WHAT THE EXERCISE ASKS — Write again exactly the lines in the listing below, starting at the line with "Florida State Softball Shirt" and ending at the line with "Kula dvorca Kamýk", both included. Pictures are not copied.

DATA RECORDS —

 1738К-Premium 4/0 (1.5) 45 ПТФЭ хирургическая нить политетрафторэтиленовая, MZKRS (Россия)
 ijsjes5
* * *
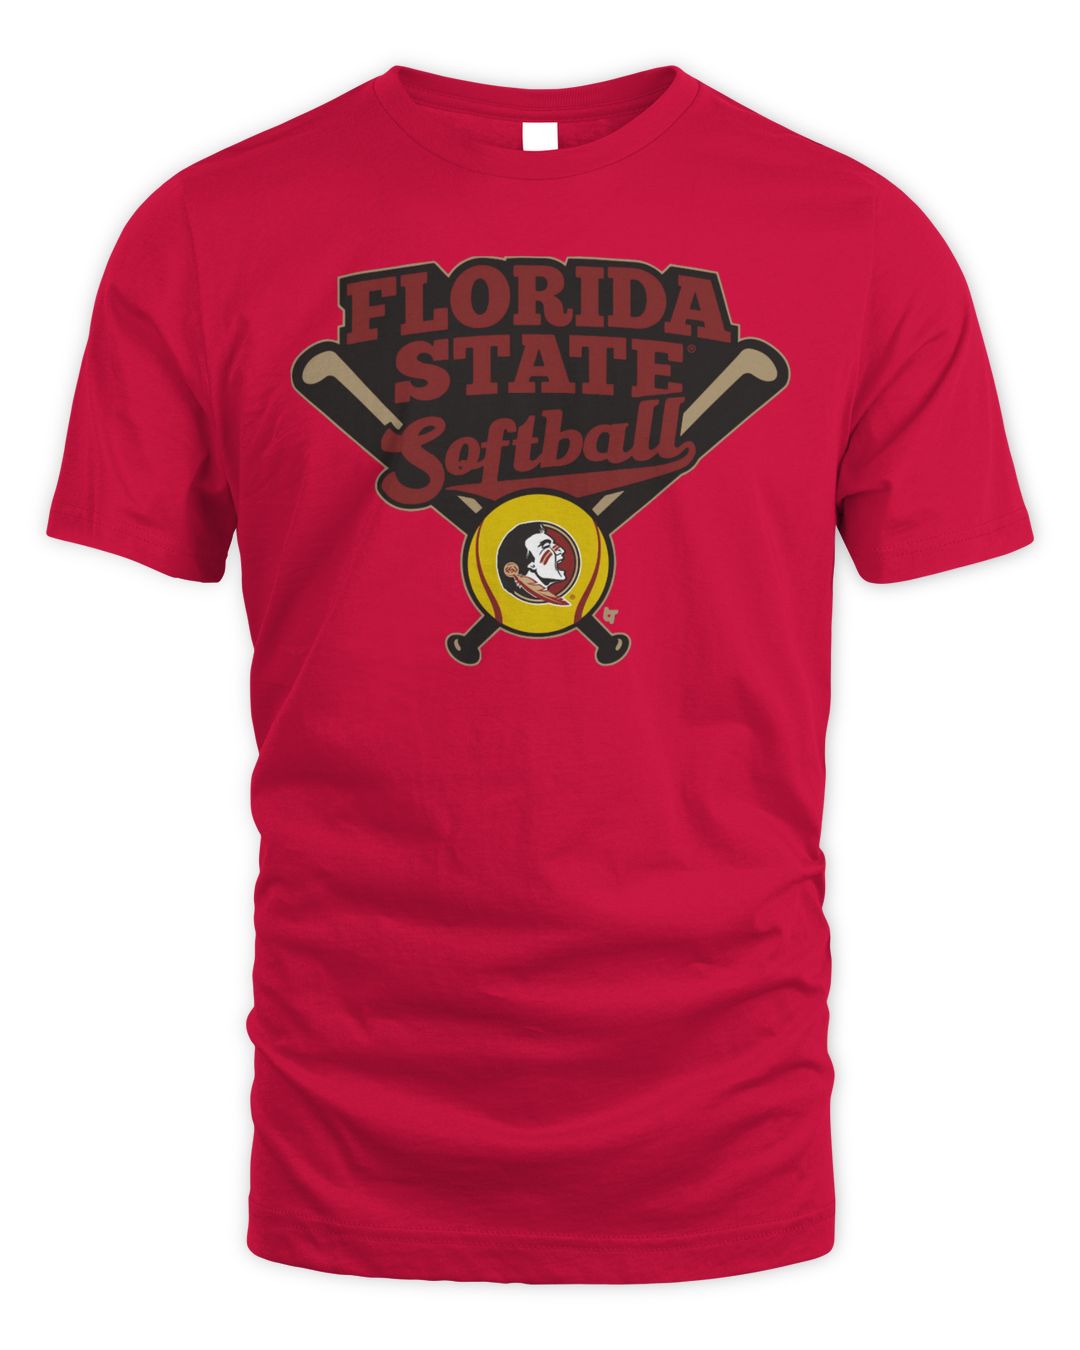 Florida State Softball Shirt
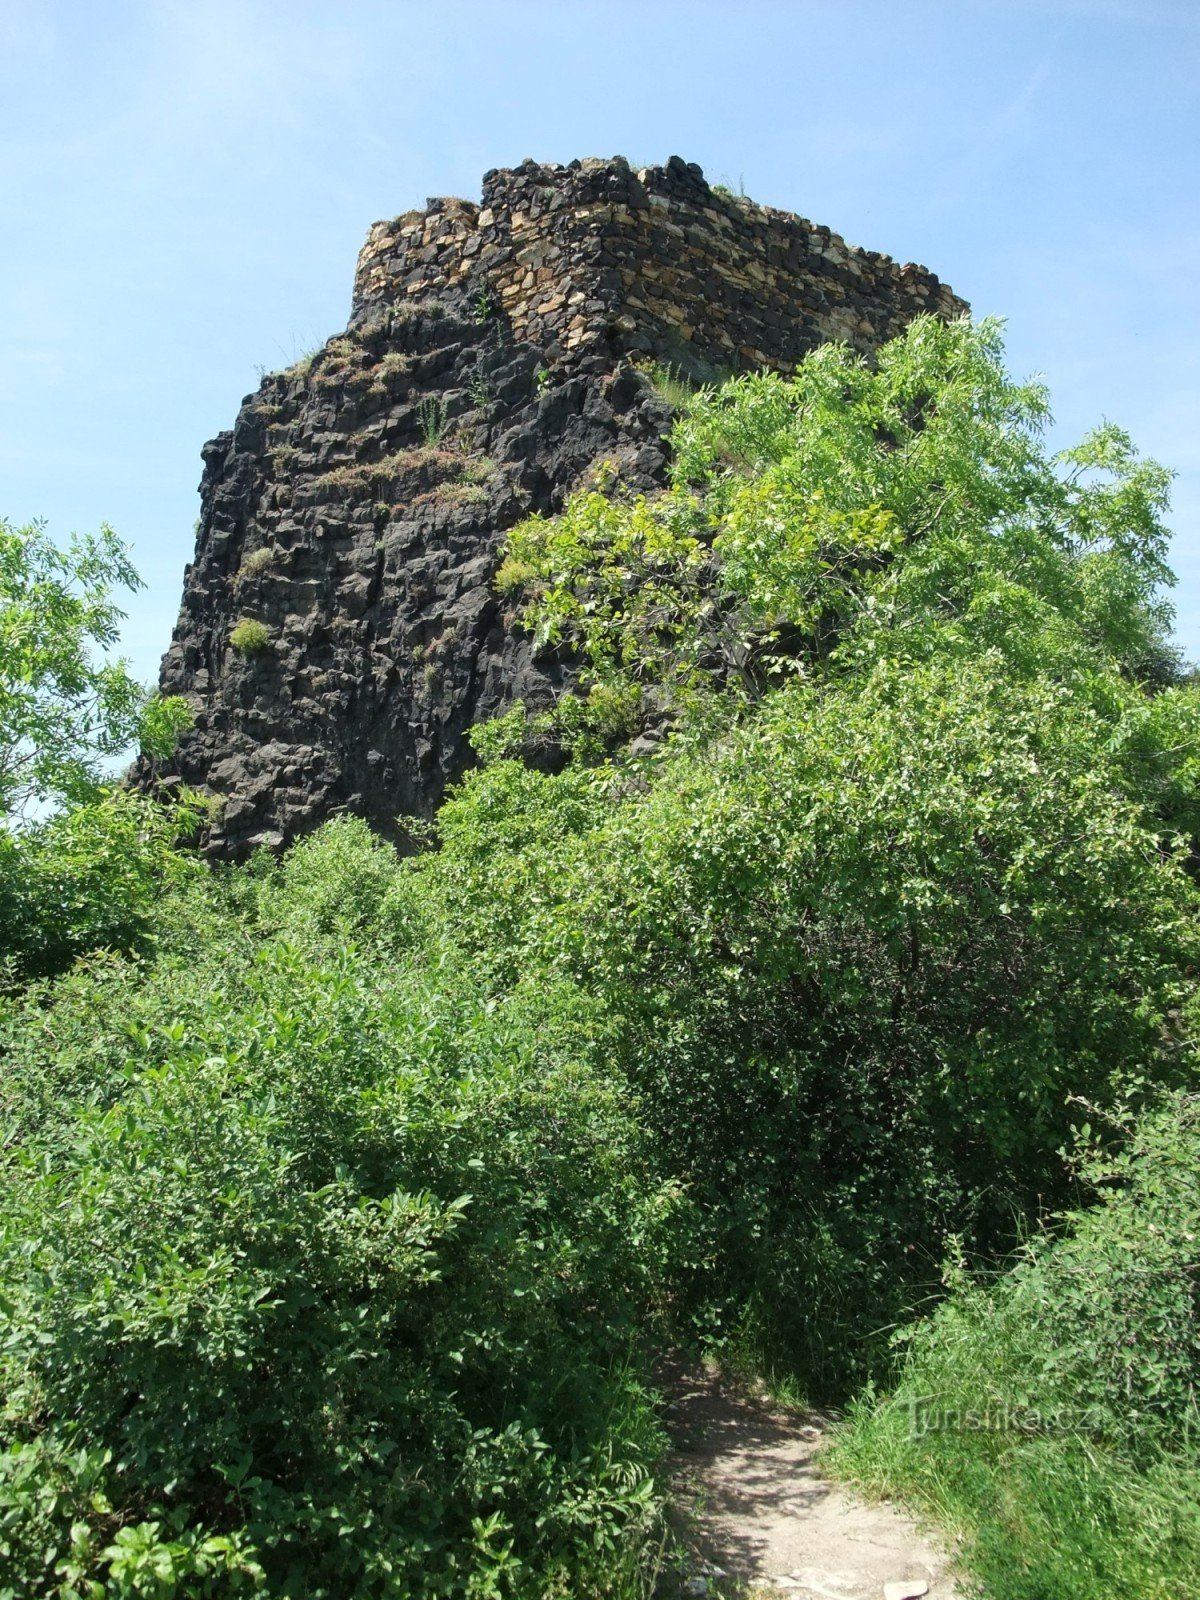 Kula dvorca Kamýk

FINAL ANSWER —
 Florida State Softball Shirt
 Kula dvorca Kamýk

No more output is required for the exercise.